Равнина принадлежит феодальным сеньорам258. Нужно спуститься на португальские veigas*DM, чтобы встретить дома фидальгу, solares с огромными гербовыми щитами259. Широкая и низкая равнина сиенской Мареммы, где свирепствует необыкновенно злая лихорадка, усеяна, как и соседняя тосканская Маремма, сеньориальными замками. Их башни и донжоны, их старомодные силуэты бесцеремонно напоминают об обществе, где в деревне распоряжаются феодальные собственники, не живущие здесь постоянно, потому что эти здания служат лишь для временного пребывания. Как правило, хозяева живут в Сиене. Здесь они обитают в больших городских домах, сохранившихся до наших дней, в этих хоромах, куда любовники из новелл Банделло проникают, заручившись традиционной поддержкой служанок, по лестницам, поднимающимся к высокому амбару с кучами мешков зерна, или по коридорам, ведущим обычно в заброшенные уголки нижнего этажа260. Мы можем последовать за ними в лоно этих древних фамилий, чтобы сопереживать комедиям и драмам, развязка которых наступает под сенью древних замков Мареммы, вдали от городских сплетен и семейного гнета. Найдутся ли лучшие подмостки, чтобы разыгрывать по моде Италии того времени, на безлюдье, вызванном жарой и лихорадкой, роль неверной или подозреваемой в неверности супруги? Такое климатическое объяснение обольщало Барреса. Но не следует ли говорить о социальном попустительстве, которое обеспечивает убийце в этих подвластных ему низинах почти полную безнаказанность? Равнина — удел богачей?

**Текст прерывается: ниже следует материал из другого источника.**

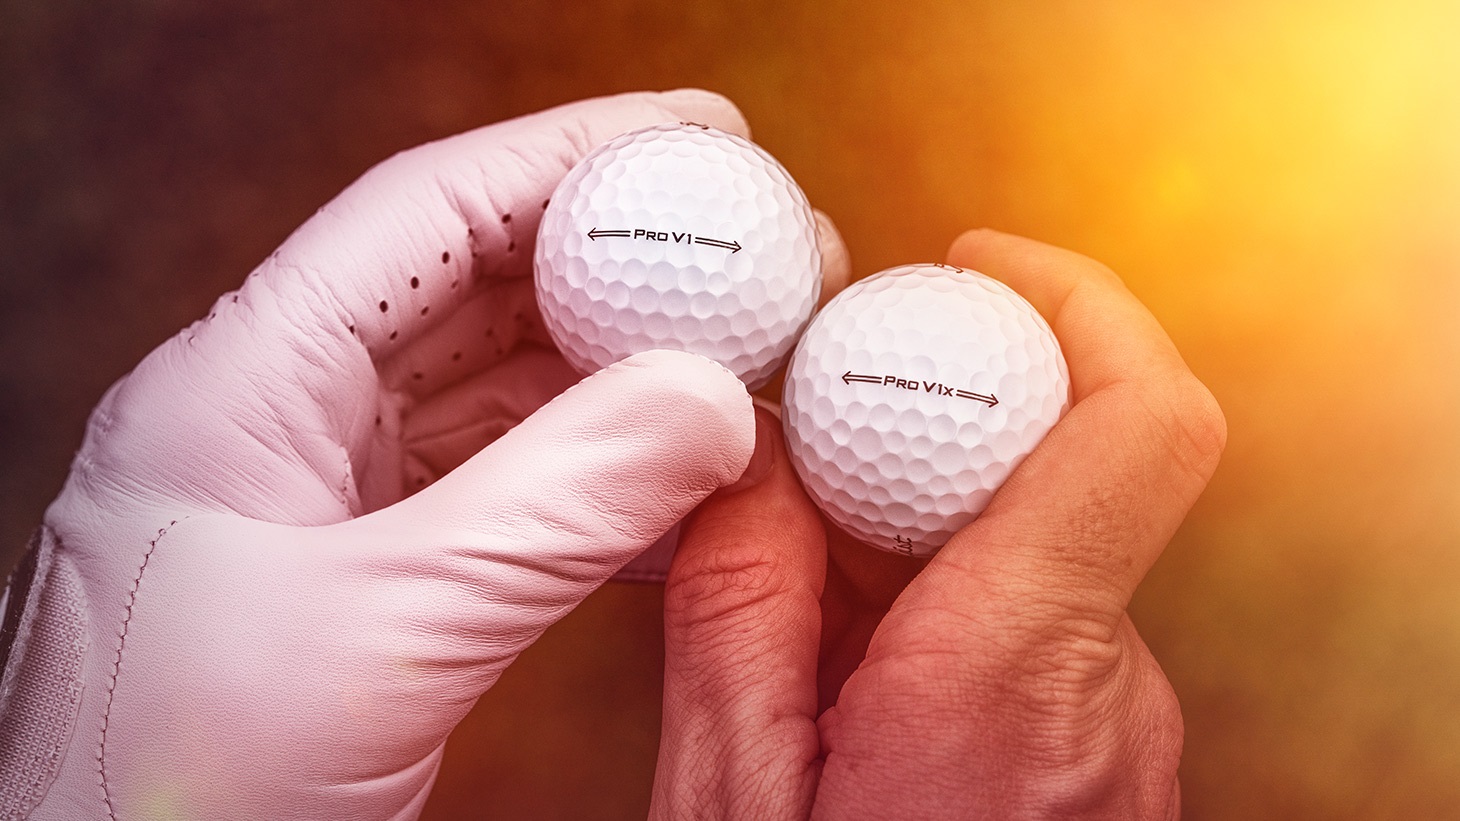 A golfer compares new Titleist Pro V1 and Pro V1x golf balls

«На равнине, — пишет Ребер Монтань261 по поводу современного марокканского Суса, — быстро увеличивается дистанция между богатыми и бедными. Первым принадлежат сады, которые обрабатывают вторые. Орошаемые поля приносят в изобилии зерно, овощи, фрукты. Другой источник богатств составляют оливковое и аргановое масло*DN, доставляемое в бурдюках в северные города. Предельная близость рынков облегчает ввоз чужеземных продуктов, так что уровень жизни знатных людей на равнине Суса становится все более сходным с уровнем жизни в других провинциях, где Махзен царил с незапамятных времен. Но вместе с тем жизнь сельскохозяйственных рабочих, klemmas, становится все более нищенской». Это правило, как нам представляется, приложимо ко всем равнинам средиземноморского мира: богатых и бедных здесь разделяет значительное расстояние, богатые очень богаты, бедные очень бедны.

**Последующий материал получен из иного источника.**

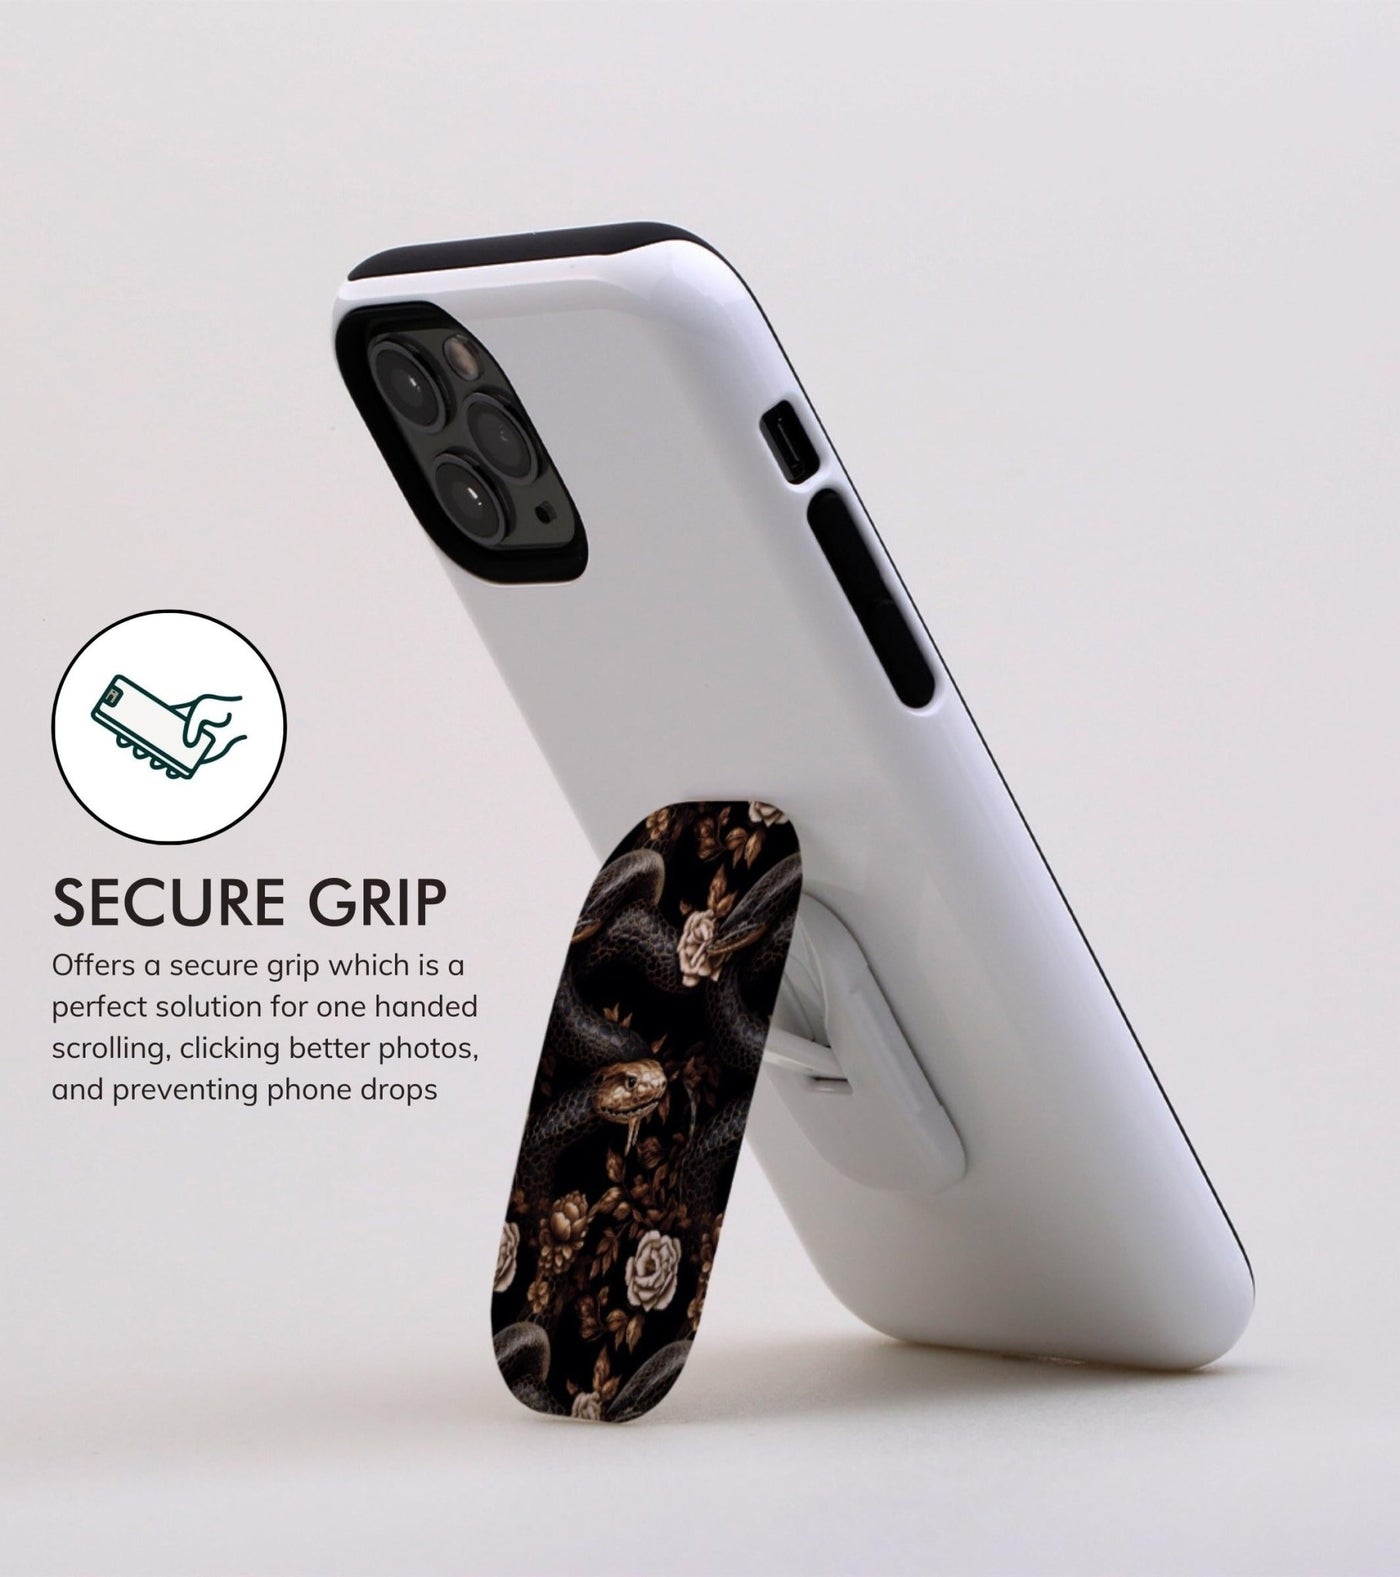 The Viper Phone Grip

Крупная земельная собственность также составляет здесь правило. Сеньориальный режим, который часто служит ее фасадом, нашел здесь естественные условия для выживания. В Сицилии, Неаполе, Андалусии сеньориальные майораты передавались из рук в руки без изменений вплоть до наших дней. Равным образом на обширных восточных равнинах Балкан, в Болгарии, Румелии и Фракии, в районах, производящих зерно и рис, глубоко укоренился турецкий режим с его крупными хозяйствами и крепостными деревнями, в то время как на гористом Западе он потерпел почти полную неудачу262.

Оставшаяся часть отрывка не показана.